M.Sc. Tezi Görüntüleme

Student: GÖKHAN DİLEK
Supervisor: Asst. Prof. Dr. İbrahim SAVRAN
Department: Bilgisayar Mühendisliği
Institution: Graduate School of Natural and Applied Sciences
University: Karadeniz Technical University Turkey
Title of the Thesis: DETECTION AND CORRECTION OF READ ERRORS IN SEQUENCES OBTAINED WITH THE NEW GENERATION SEQUENCE METHOD
Level: M.Sc.
Acceptance Date: 19/3/2021
Number of Pages: 111
Registration Number: i3868
Summary:

      Bioinformatics studies have focused on genetic disease research, disease detection and DNA sequencing methods in order to find solutions to detected diseases. The main problems in the analysis of genetic data arise from the complexity of these data sequences due to their size.

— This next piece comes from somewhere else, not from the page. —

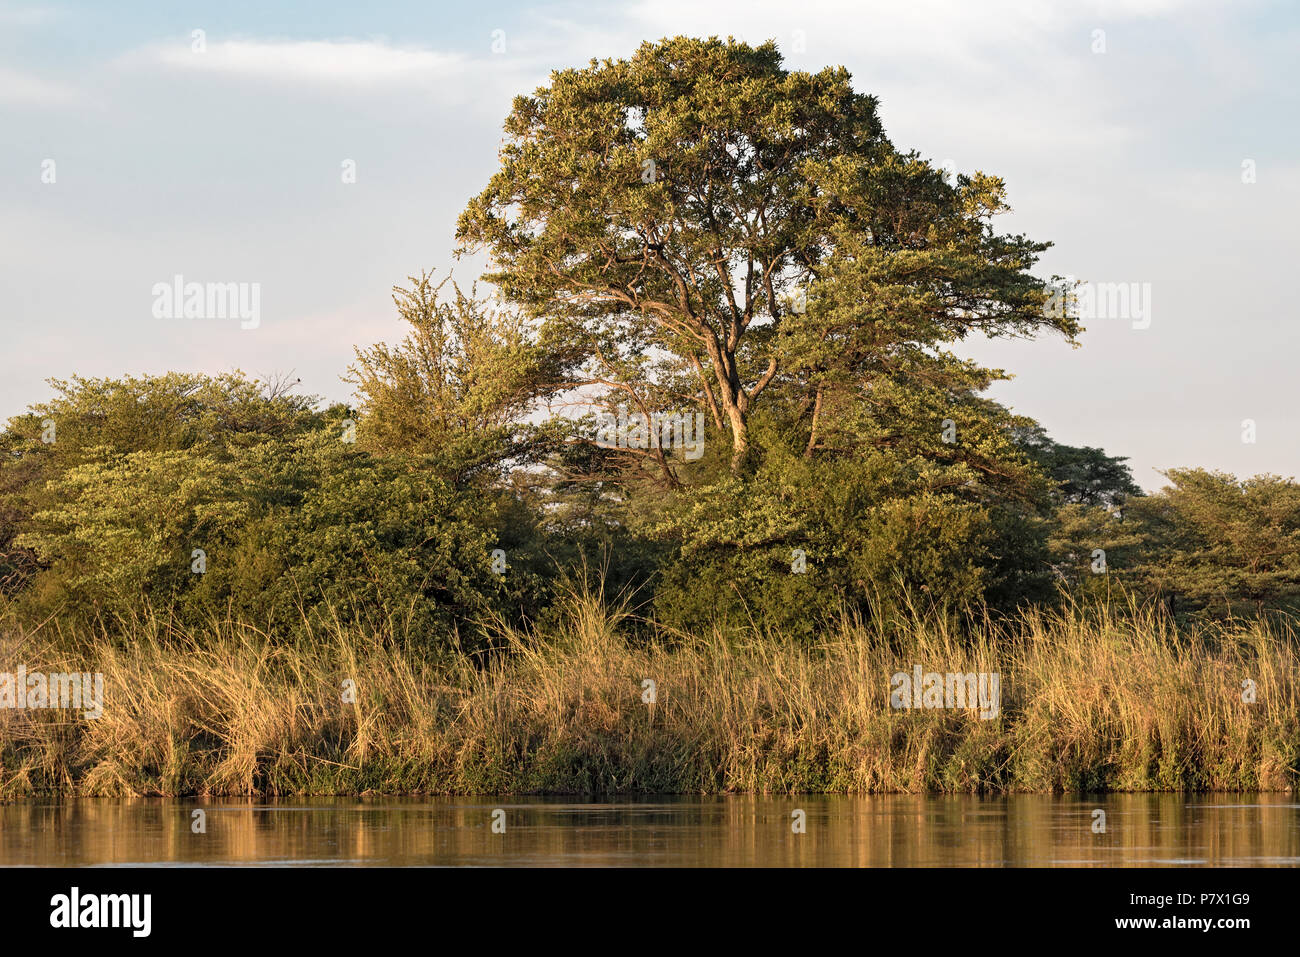 River bank of the Okavango River in Namibia - Stock Image

This complexity is due to the data reading error made by Next Generation Sequencing ,YND, devices. Since large data arrays cannot be read at once, data can be sequenced in chunks. With the help of YND devices, it has been made possible to read large genetic data. In addition, YND devices perform erroneous reading between 1% and 3% during the reading of genetic data sequences. In this study, a method for the detection of Braf Murin Sarcoma Viral Oncogene Homologous B1 gene mutation, which is one of the most common cancer diseases today, has been proposed. In this method, the healthy BRAF gene shared through the National Biotechnology Information Center was used. Synthetic data were produced proportional to the error rates by simulating YND readings. The faulty gene was read at the specified depth size and recorded in fasta format. The sequences were compared with the reference sequence, errors were detected and corrections were applied.

      

Key Words: Big Data, Bioinformatics, Next-Generation Sequencing, DNA Sequencing, Kmer method, Bloom Filter, Hash Functions, BRAF Gene.